The dominant EOF of the DJF SLP trends in the first modified version of the OBS-LE, which excludes the contribution from the three SST modes (Figs. 8a,c), is very similar to the first EOF of the full OBS-LE in both hemispheres. The primary difference is the lack of variability around the Aleutian low, and a correspondingly weaker relationship with temperature around Alaska. The SLP, temperature, and precipitation trend variations throughout Eurasia, however, are almost identical to what was found for the complete OBS-LE, indicating that the dominant pattern of Eurasian trend variability is controlled by intrinsic atmospheric variability.
The dominant pattern of variability in SLP trends for the second modified version of the OBS-LE, which excludes the contribution from the residual variability (Figs. 8b,d), is primarily associated with changes in the strength of the Aleutian low—an iconic response to ENSO and the PDO—and in this sense is related the second EOF of the full OBS-LE; however, it lacks the center of action over northern Eurasia and its amplitude over the Eastern Hemisphere part of the Southern Ocean is muted compared to EOF2 of the full OBS-LE. Accordingly, the similarities in the associated temperature and precipitation trends are mainly confined to North America and the southern continents. The strong link between SLP trend variability in this version of the OBS-LE and North American temperature and precipitation trends highlights the importance of improving our understanding of whether and how ENSO and the PDO may change in a future climate.

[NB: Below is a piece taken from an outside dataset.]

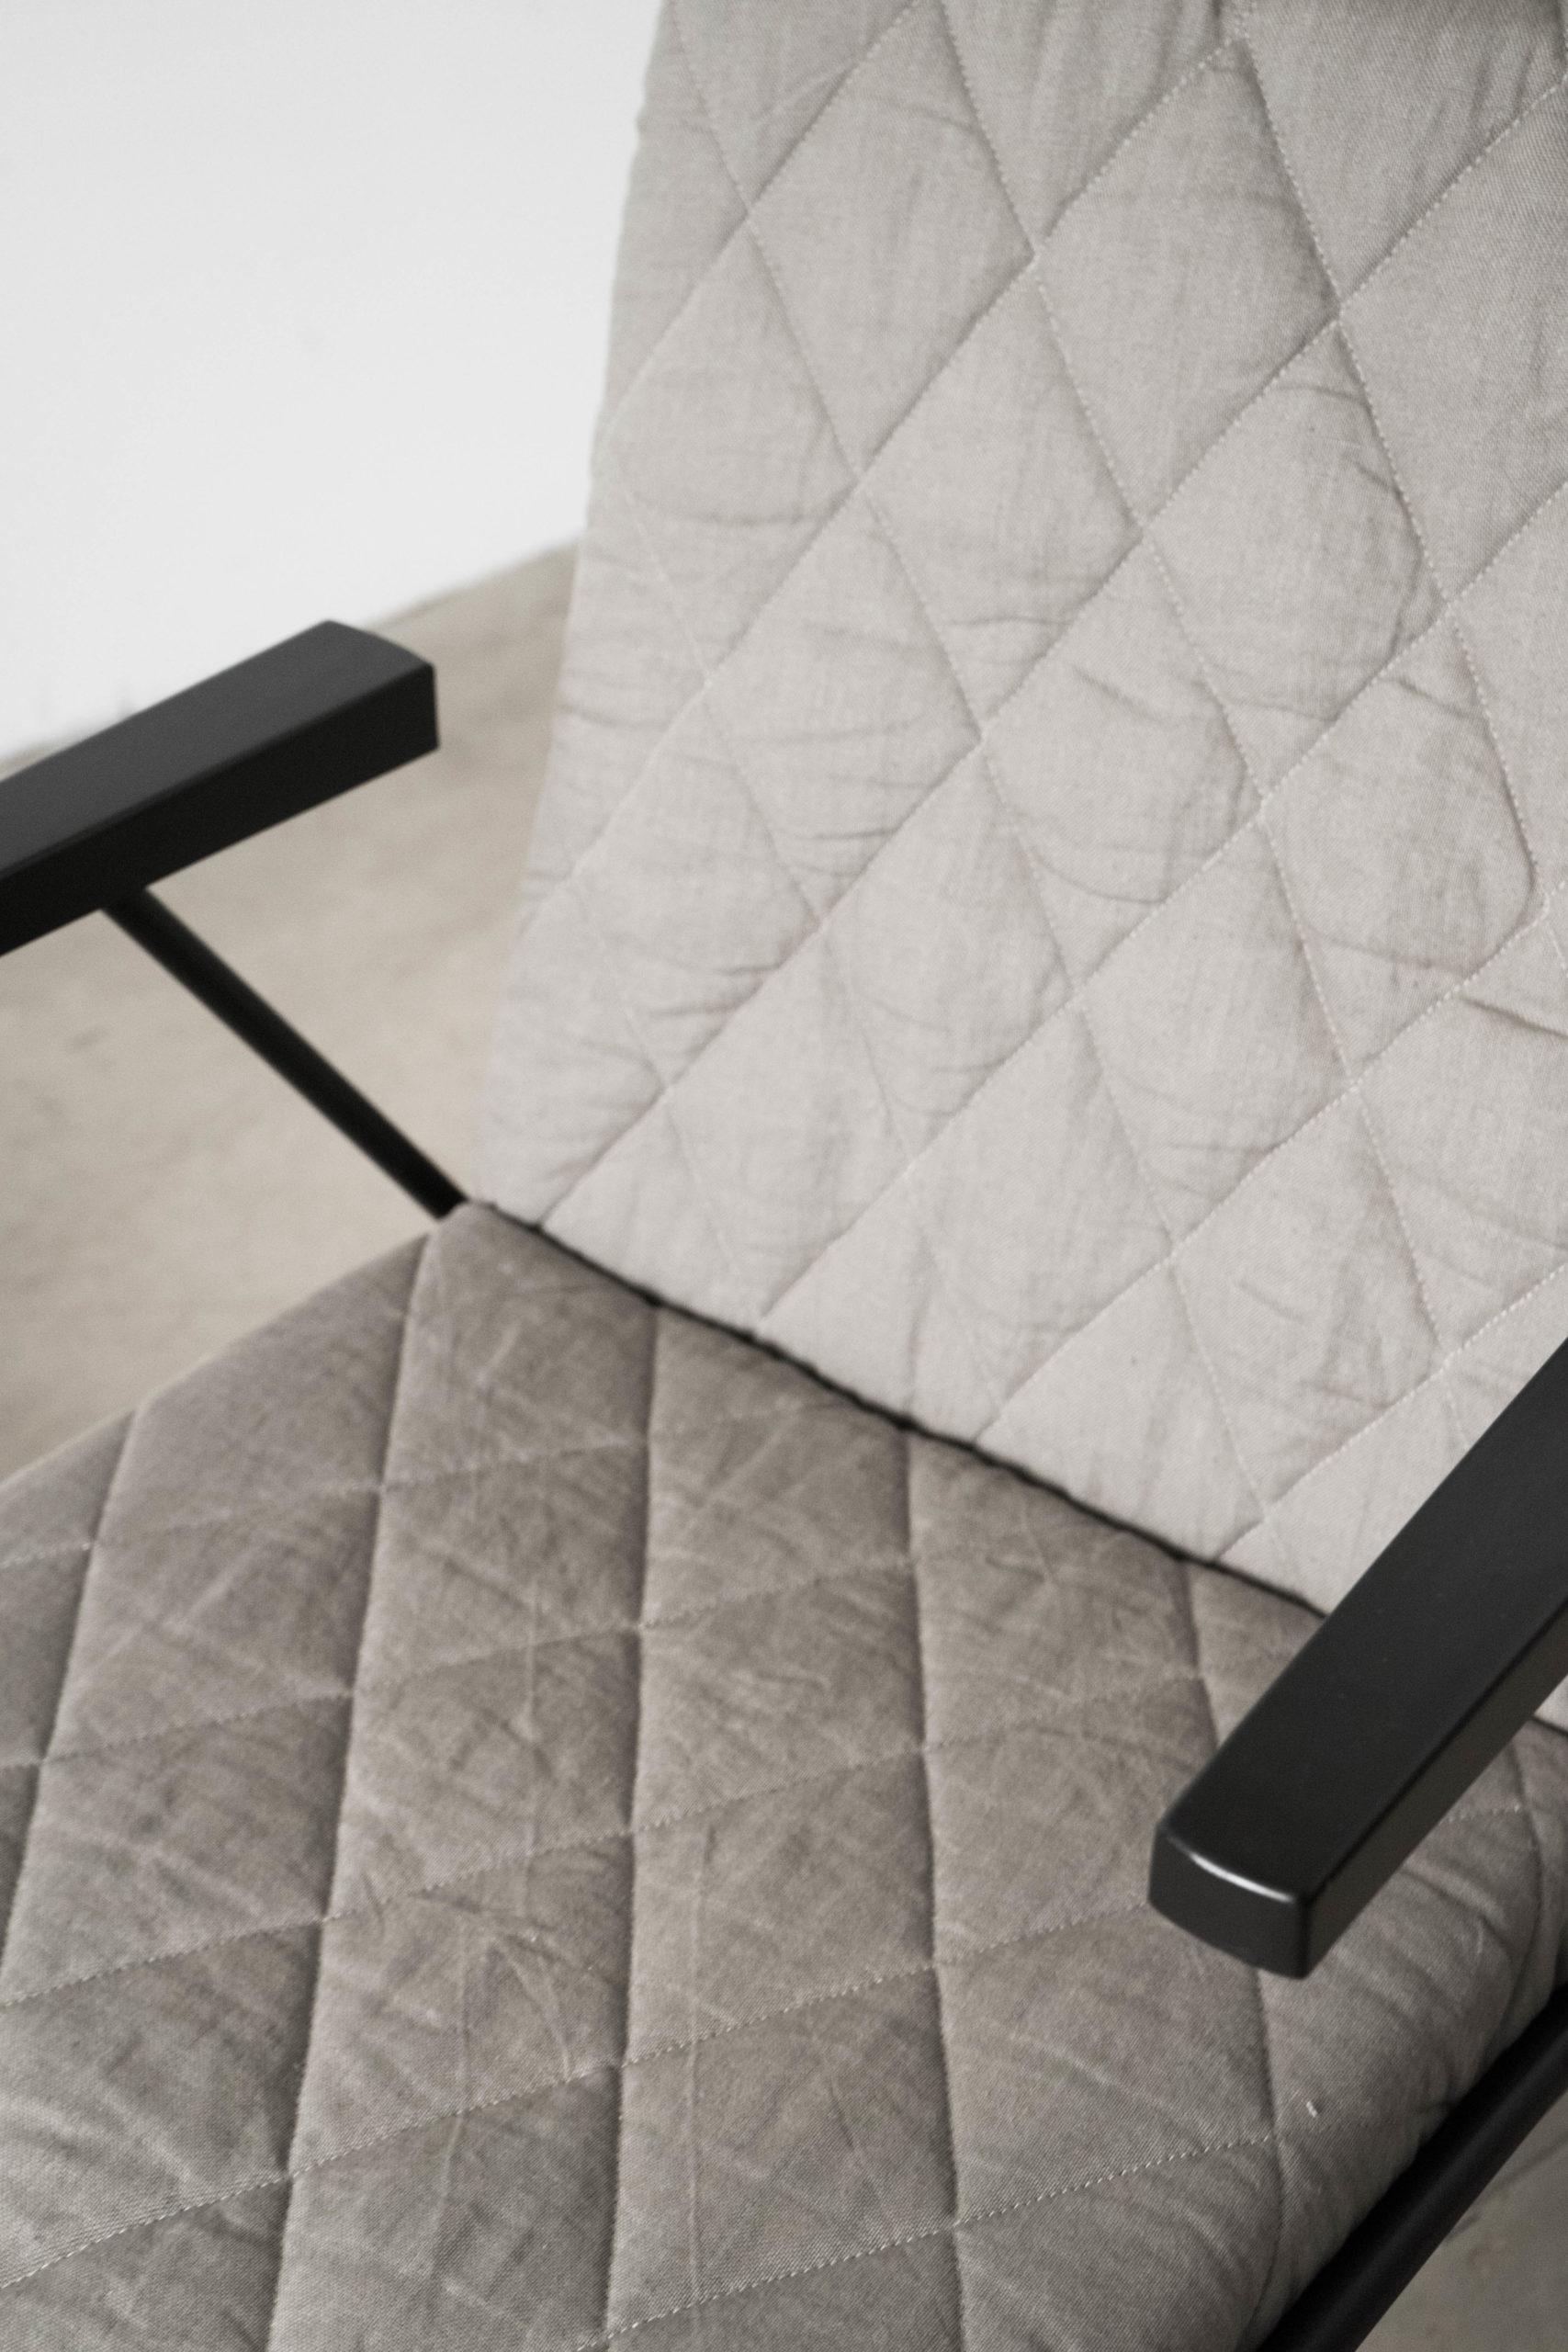 butacas de diseño grises negras de salon de lectura elegantes de calidad fabricadas a mano diseño guata acolchada gris negro

7. Diversity of regional temperature and precipitation trends in the OBS-LE
The prior two sections highlighted the patterns of temperature and precipitation trend variability associated with dominant circulation regimes, thereby providing one lens with which to examine the range of trends possible as a result of internal variations. A complementary view can be found through examining the members of the OBS-LE themselves. To do so in a succinct manner, we rank the members of the OBS-LE according to their terrestrial temperature (or precipitation) trends between 1965 and 2014 averaged over the extratropical NH (30°–90°N). The patterns of temperature change associated with the 10th and 90th percentiles of the ensemble, as measured by the NH extratropical land trend, are shown in Fig. 9 for DJF (see Fig. S13 in the supplemental material for JJA). For trends over the past 50 years, the 10th percentile ensemble member shows cooling over western Canada and north-central Eurasia of 1°–2°C (50 yr)−1 in magnitude, maximum warming of 3°C (50 yr)−1 across central Europe and Asia, and relatively uniform warming of around 1°C (50 yr)−1 elsewhere. In contrast, the 90th percentile ensemble member shows temperature increases almost everywhere, with the greatest warming over northeastern North America and southwestern Russia exceeding 4°C over 50 years (Figs. 9a,b).
Assuming that changes in interannual variability are small between the periods 1965–2014 and 2015–64 (see section 4 and Fig. S4), it is possible to similarly examine the spatial pattern associated with the 10th and 90th percentile of terrestrial extratropical temperature trends by replacing the historical ensemble mean temperature trend with a future projection. Using the RCP8.5 emission scenario and again drawing on the ensemble mean of the CESM1-LE as our forced component, we extend the OBS-LE to 2064. Because this “future OBS-LE” relies on the same variability statistics as our historical OBS-LE, the spread across the ensemble is unchanged. It is, however, of note that—in a future scenario—the ratio of the spread of land temperatures relative to the magnitude of the forced signal is reduced. In other words, as the world continues to warm, the fractional uncertainty in trends caused by internal variability will be reduced because of the larger forced signal. Nevertheless, the imprint of internal atmospheric circulation variability is still apparent in the same regions as before, where relatively muted warming trends [<1°C (50 yr)−1] occur in the 10th percentile member compared to trends >3°C (50 yr)−1 in the 90th percentile member (Figs. 9c,d).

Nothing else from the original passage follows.